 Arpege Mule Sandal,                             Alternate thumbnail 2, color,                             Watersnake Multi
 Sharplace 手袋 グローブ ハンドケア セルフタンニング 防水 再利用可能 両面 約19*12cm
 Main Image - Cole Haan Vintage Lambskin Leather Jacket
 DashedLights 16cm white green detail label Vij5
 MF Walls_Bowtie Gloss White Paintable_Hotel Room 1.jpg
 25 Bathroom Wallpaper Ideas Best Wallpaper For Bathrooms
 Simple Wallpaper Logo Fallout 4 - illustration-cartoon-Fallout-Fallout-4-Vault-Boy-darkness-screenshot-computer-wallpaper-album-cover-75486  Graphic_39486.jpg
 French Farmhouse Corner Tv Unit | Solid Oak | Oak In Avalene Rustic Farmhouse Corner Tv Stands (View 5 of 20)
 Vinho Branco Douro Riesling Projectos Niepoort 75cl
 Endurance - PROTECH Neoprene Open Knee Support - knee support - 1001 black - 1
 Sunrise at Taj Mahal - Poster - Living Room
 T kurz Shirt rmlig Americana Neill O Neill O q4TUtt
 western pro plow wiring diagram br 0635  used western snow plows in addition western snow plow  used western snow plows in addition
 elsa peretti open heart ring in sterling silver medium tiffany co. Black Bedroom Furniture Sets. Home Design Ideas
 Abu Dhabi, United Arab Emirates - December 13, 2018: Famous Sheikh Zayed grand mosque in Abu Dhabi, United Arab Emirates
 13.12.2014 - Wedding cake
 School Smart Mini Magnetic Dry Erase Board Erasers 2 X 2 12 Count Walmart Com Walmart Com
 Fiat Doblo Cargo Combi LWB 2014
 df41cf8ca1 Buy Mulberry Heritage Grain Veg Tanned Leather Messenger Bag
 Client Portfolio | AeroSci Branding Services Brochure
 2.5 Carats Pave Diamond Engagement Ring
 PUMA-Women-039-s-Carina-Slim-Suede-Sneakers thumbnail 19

### DESCRIPTION OF THE TASK:
Return all lines from the material that contain "thumbnail".

### SOLUTION FOR THIS PROBLEM:
 Arpege Mule Sandal,                             Alternate thumbnail 2, color,                             Watersnake Multi
 PUMA-Women-039-s-Carina-Slim-Suede-Sneakers thumbnail 19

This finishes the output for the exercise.